If pointers can dynamically change the size of arrays at run time, why is it necessary to initialize the array with a size?

For instance:
int* pArray;
pArray = new array[];
instead of:
int* pArray;
pArray = new array[someNumber];
Since pointers are able to dynamically change the size of an array at run time, and the name of the pointer points to the first element of an array, shouldn't the default size be [1]? Does anyone know what's happening behind the scene?
Since pointers are able to dynamically change the size of an array at run time
This is not true. They can't change the size unless you allocate a new array with the new size.
If you want to have an array-like object that dynamically changes the size you should use the std::vector.
#include<vector>
#include<iostream>
...
std::vector<int> array;
array.push_back(1);
array.push_back(2);
array.push_back(3);
array.push_back(4);
std::cout << array.size() << std::endl; // should be 4
When you create an array with new, you are allocating a specific amount of memory for that array. You need to tell it how many items are to be stored so it can allocate enough memory.
When you "resize" the array, you are creating a new array (one with even more memory) and copying the items over before deleting the old array (or else you have a memory leak).
Quite simply, C++ arrays have no facility to change their size automatically. Therefore, when allocating an array you must specify it size.
Pointers cannot change an array. They can be made to point to different arrays at runtime, though.
However, I suggest you stay away from anything involving new until you have learned more about the language.

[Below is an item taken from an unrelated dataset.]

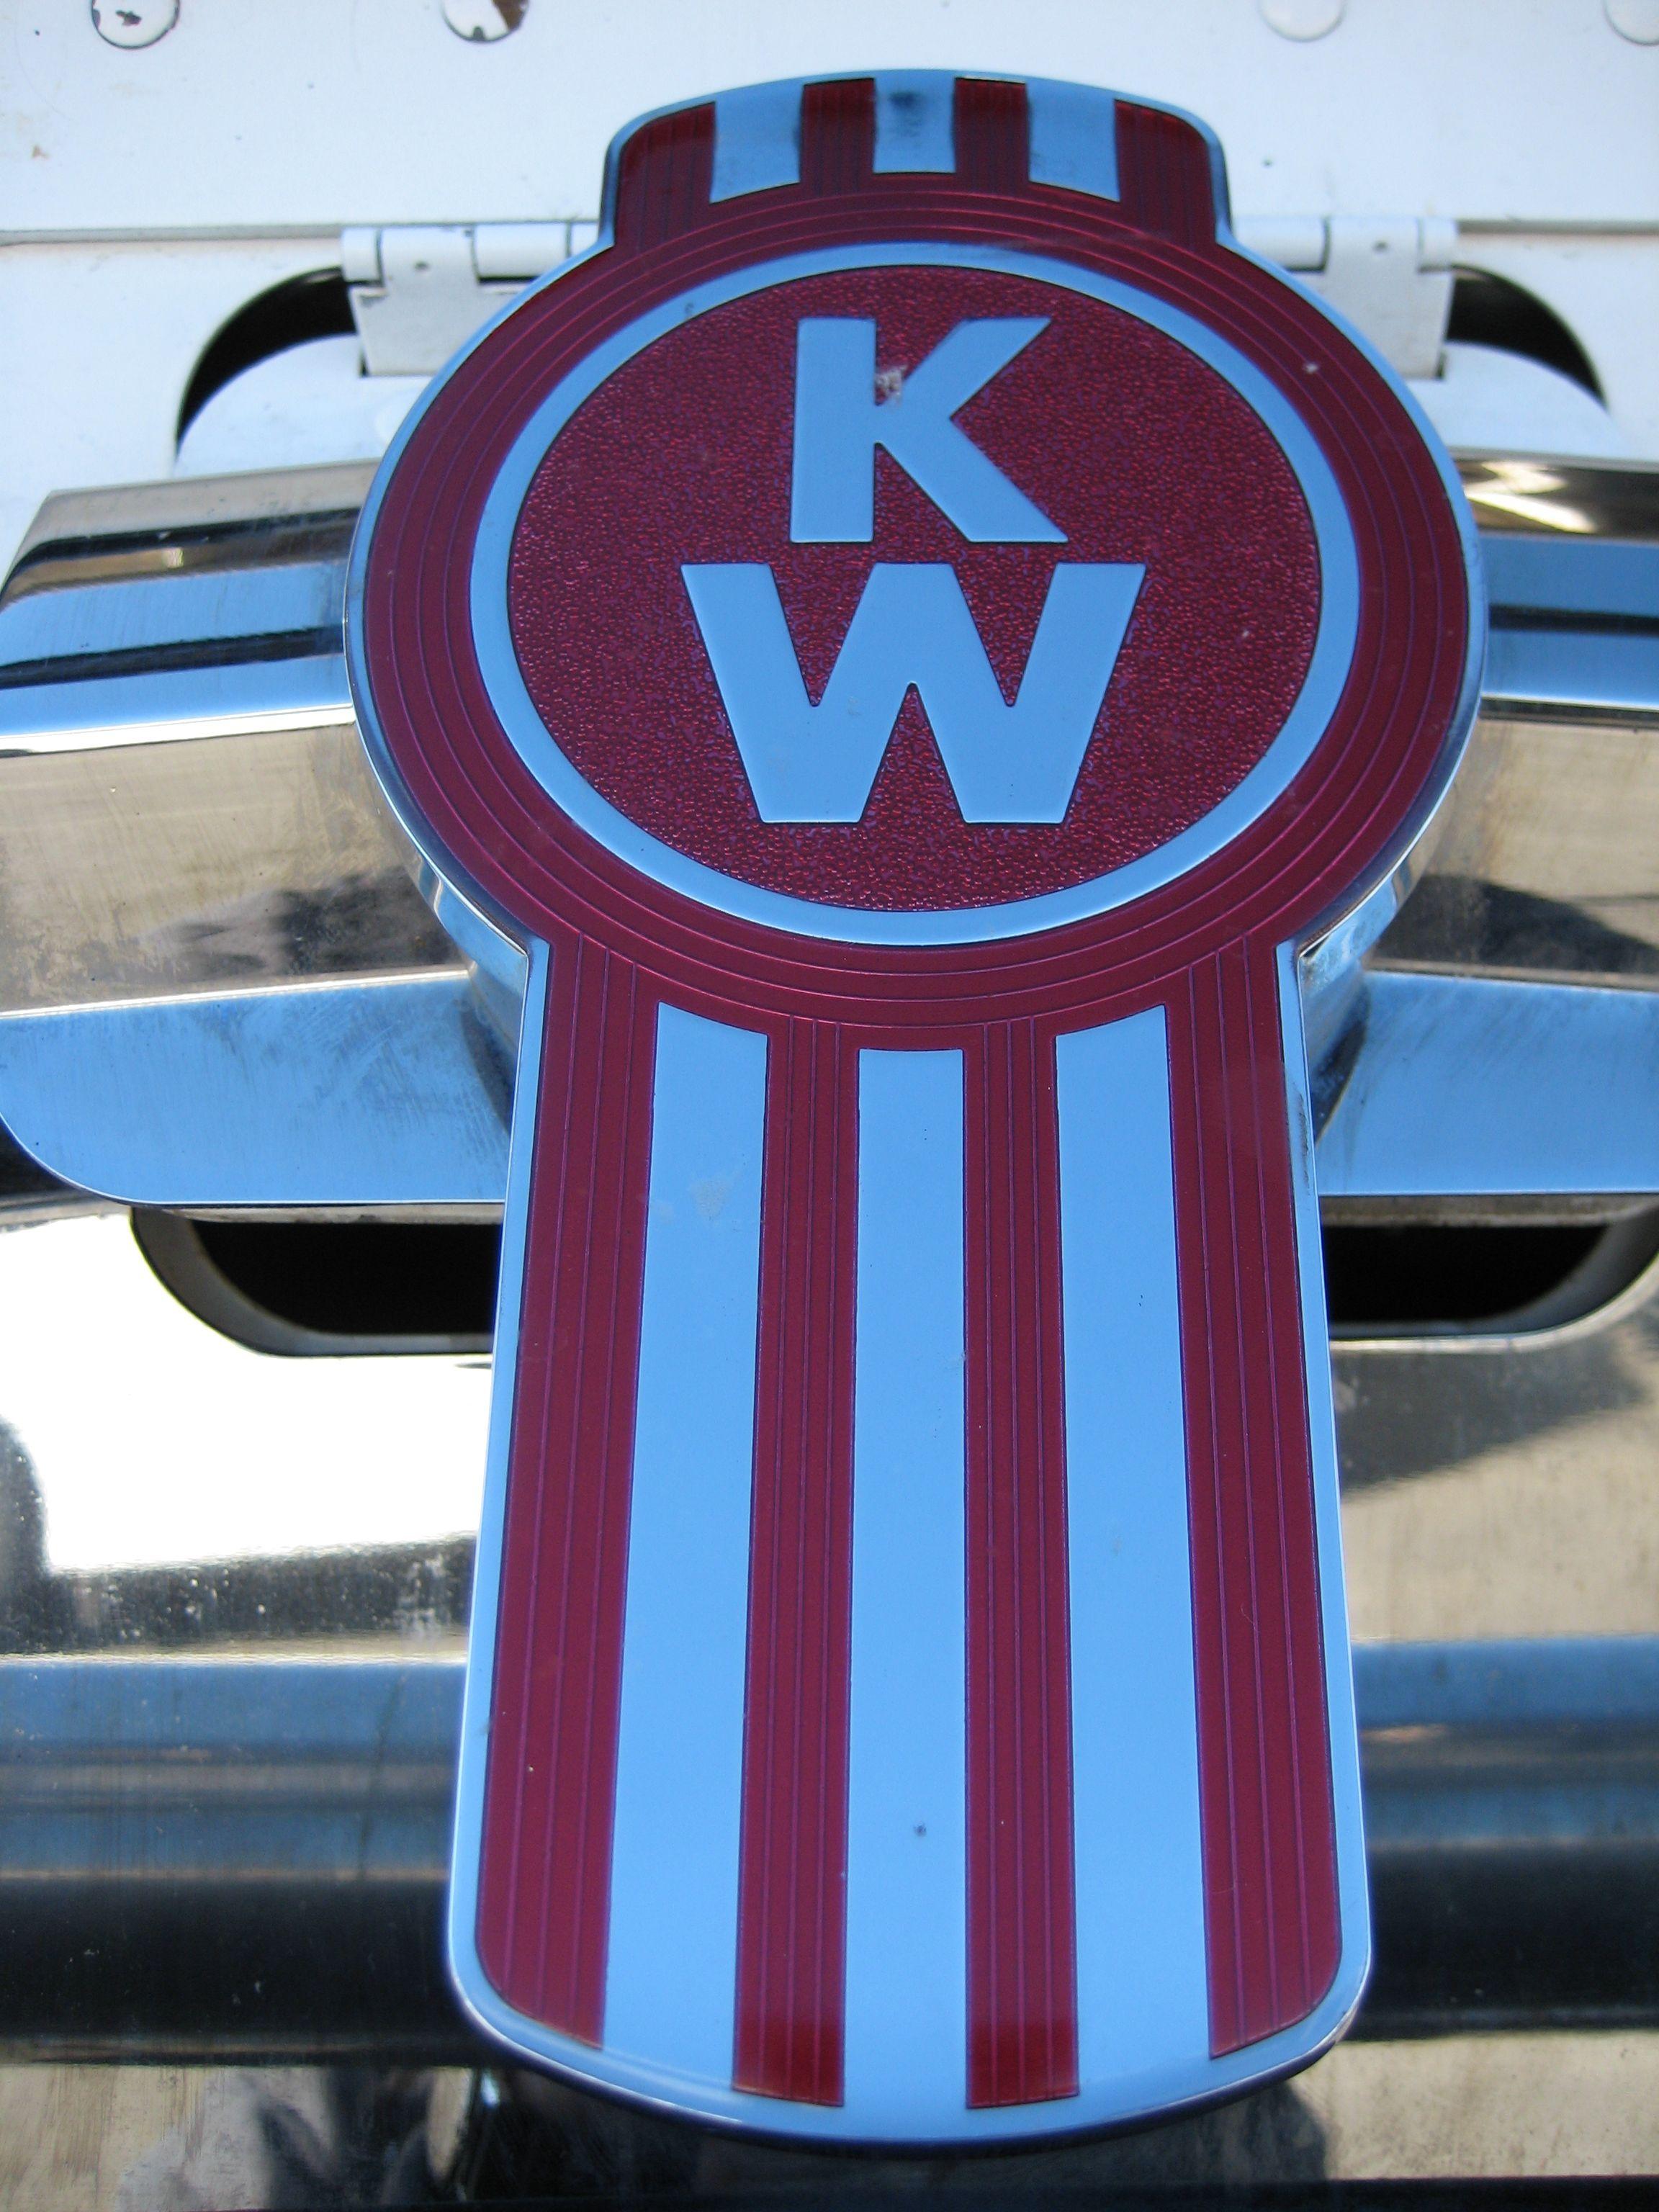 Kenworth Grill Logo - Kenworth | Tractor & Construction Plant Wiki | FANDOM powered by Wikia
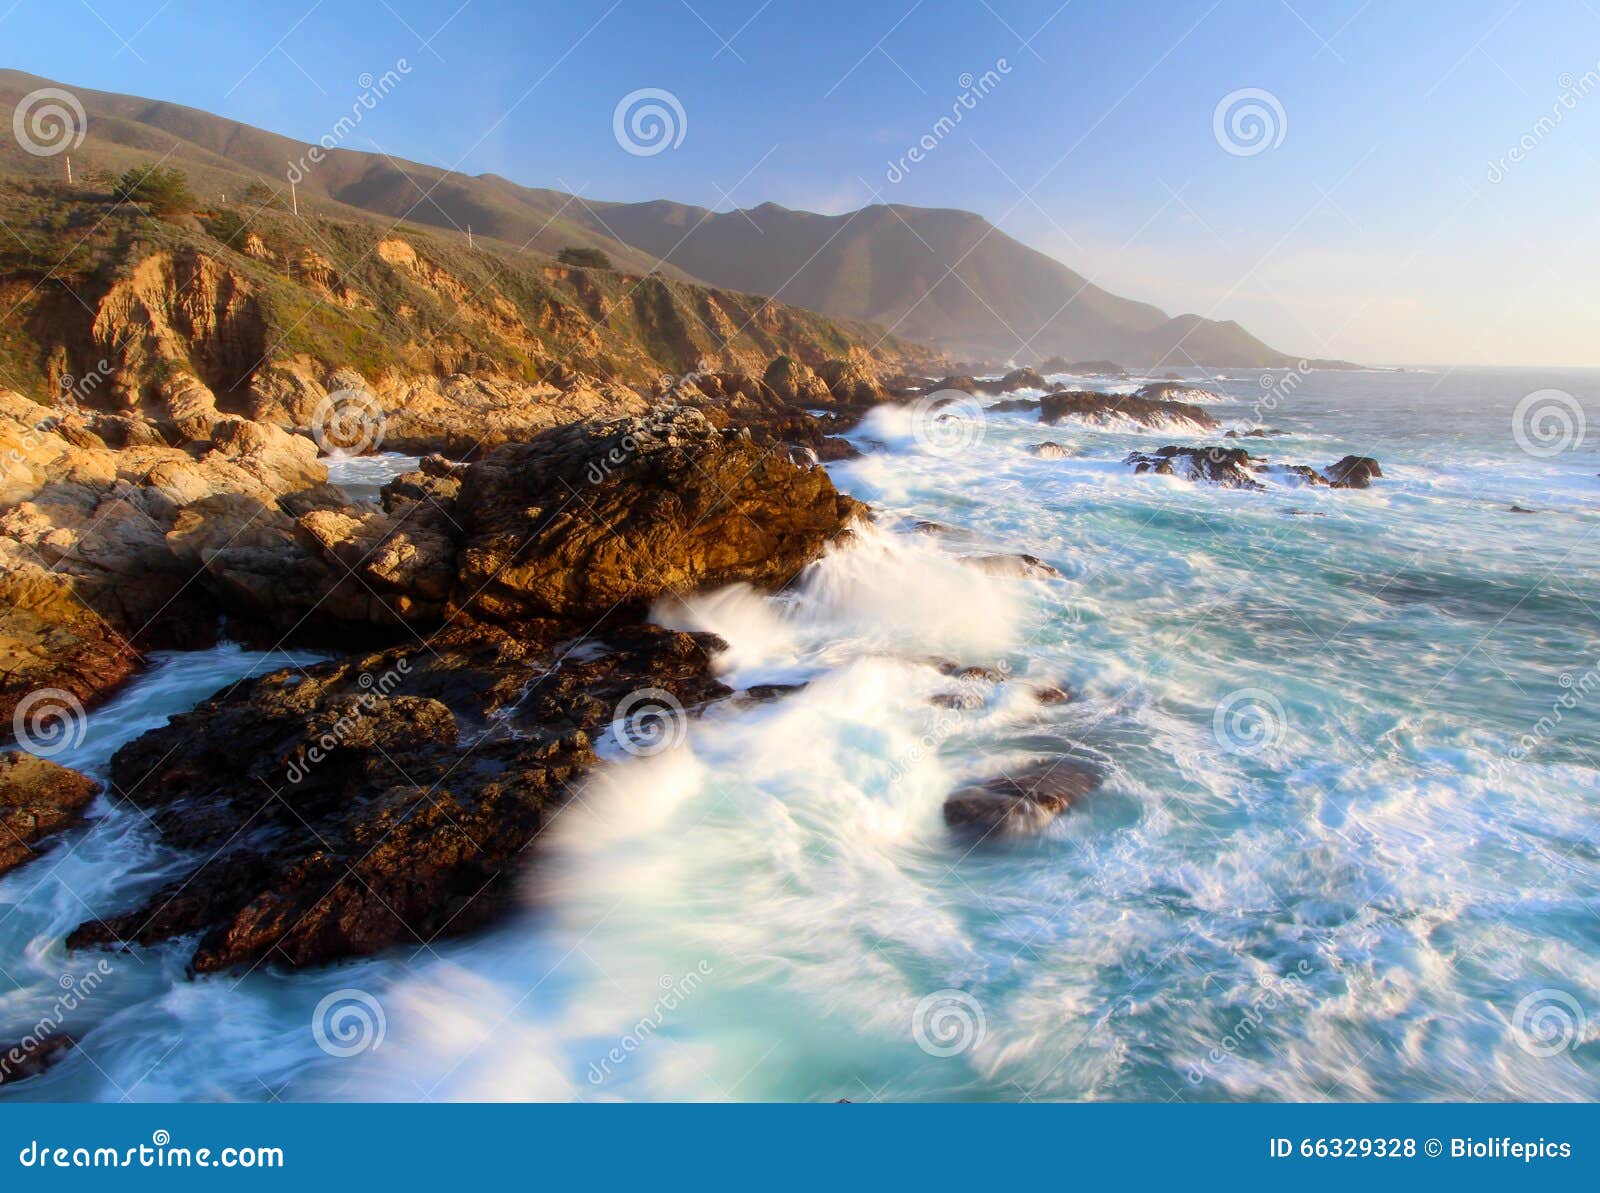 crashing waves at sunset on big sur coast, garapata state park, near monterey, california, usa

For arrays changing their size dynamically use std::vector.
Pointers point to dynamically allocated memory. The memory is on the heap rather than the stack. It is dynamic because you can call new and delete on it, adding to it and removing from it at run time (in simple terms). The pointer has nothing to do with that - a pointer can point to anything and in this case, it just happens to point to the beginning of your dynamic memory. The resizing and management of that memory is completely your responsibility (or the responsibility of the container you may use, e.g. std::vector manages dynamic memory and acts as a dynamic array).
They cannot change the size dynamically. You can get the pointer to point to a new allocation of memory from the heap.
Behind the scenes there is memory allocated, a little chunk of silicium somewhere in your machine is now dedicated to the array you just newed.
When you want to "resize" your array, it is only possible to do so in place if the chunk of silicium has some free space around it. Most of the times, it is instead necessary to reserve another, bigger, chunk and copy the data that were in the first... and obviously relinquish the first (otherwise you have a memory leak).
This is done automatically by STL containers (like std::vector or std::deque), but manually when you yourself call new. Therefore, the best solution to avoid leaks is to use the Standard Library instead of trying to emulate it yourself.
int *pArray = new int; can be considered an array of size 1 and it kinda does what you want "by default".
But what if I need an array of 10 elements?
Pointers do not have any magical abilites, they just point to memory, therefore:
pArray[5] = 10; will just yield a run-time error (if you are lucky).
Therefore there is a possibility to allocate an array of needed size by calling new type[size].